Traceback (most recent call last):
  File "/usr/local/lib/python3.7/dist-packages/py4j/clientserver.py", line 475, in send_command
    answer = smart_decode(self.stream.readline()[:-1])
RuntimeError: reentrant call inside <_io.BufferedReader name=55>

During handling of the above exception, another exception occurred:

Traceback (most recent call last):
  File "/usr/local/lib/python3.7/dist-packages/py4j/java_gateway.py", line 1038, in send_command
    response = connection.send_command(command)
  File "/usr/local/lib/python3.7/dist-packages/py4j/clientserver.py", line 504, in send_command
    "Error while sending or receiving", e, proto.ERROR_ON_RECEIVE)
py4j.protocol.Py4JNetworkError: Error while sending or receiving
ERROR:root:Exception while sending command.
Traceback (most recent call last):
  File "/usr/local/lib/python3.7/dist-packages/py4j/clientserver.py", line 475, in send_command
    answer = smart_decode(self.stream.readline()[:-1

Py4JError: ignored

---
# Exercises

## Exercise 1

In a denial-of-service event it is important to identify the IP sources that might be attacking the system, by issuing a large number of requests.

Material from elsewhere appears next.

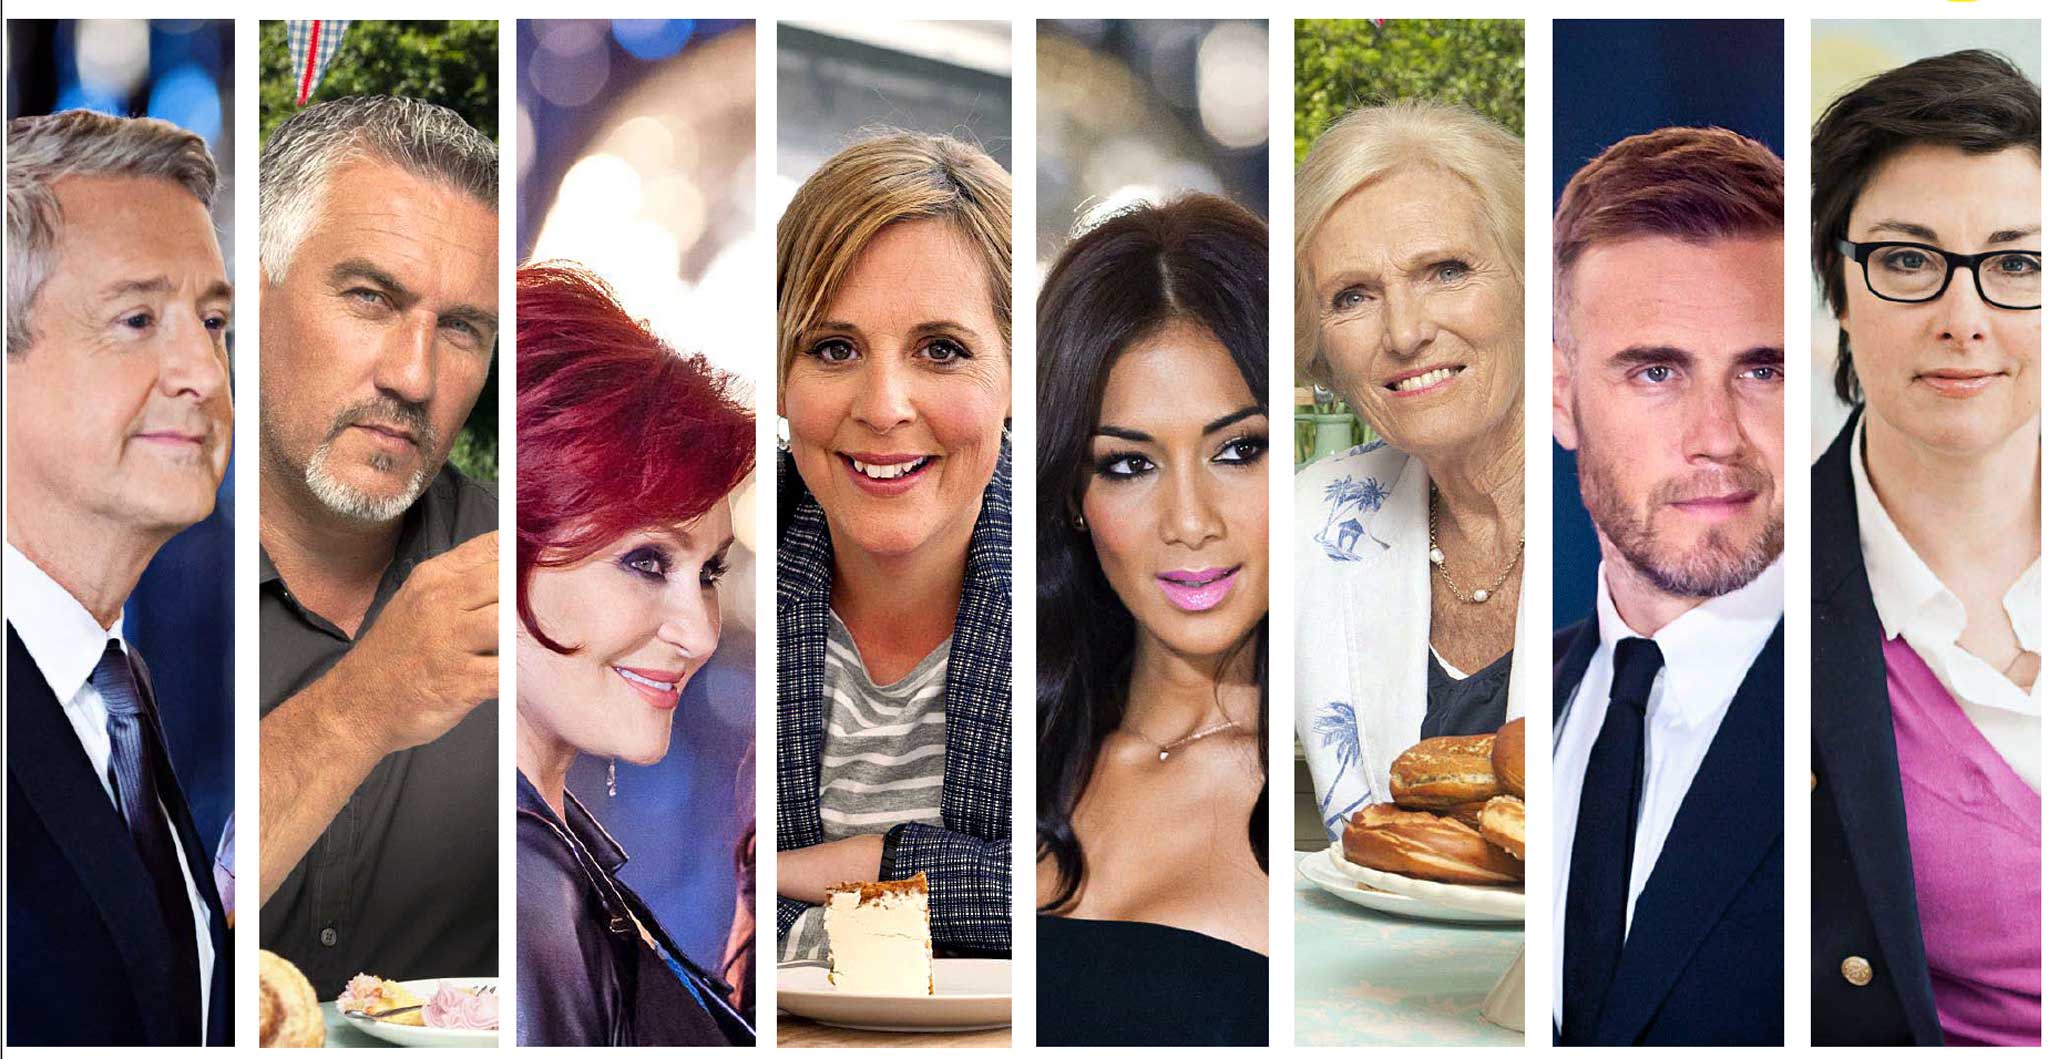 The judges on The British Bake Off are renowned for their soft touch, making a distinct comparison between some of the judges on shows such as X-Factor

Write a program to find the IP sources that have done more than 50 requests in the last 10 seconds -- dump this information every 5 seconds. 


## Exercise 2

#### a)
Write a program to dump the number of requests, minimum processing time, maximum processing time for request in the last 10 seconds, **for all** source IPs that performed more than 100 requests -- dump this information every 5 second.  

#### b)

Write a program to dump the number of requests, minimum processing time, maximum processing time for request in the last 10 seconds, **only if at least one** source IP has performed more than 100 requests -- dump this information every 5 second.

## Exercise 3
Write a program to dump the IP sources that deviate most from the average in terms of the number of requests made in the last 30 seconds - dump this information every 5 seconds.

## Exercise 4

Run additional logsender servers for subsets of the logs (IPv4 and IPv6 logs), using the following commands.

```
!nohup python logsender/server.py logsender/webipv4.log 7778 > /dev/null 2> /dev/null &
!nohup python logsender/server.py logsender/webipv6.log 7779 > /dev/null 2> /dev/null &
```

Write a program that combines the two streams, dumping the number of requests made in the last 15 seconds - dump this information every 5 seconds.

## Exercise 5

Write a program that combines the two streams from the previous exercise and dumps the proportion of IPv4 vs IPv6 requests in the last 20 seconds - dump this information every 5 seconds.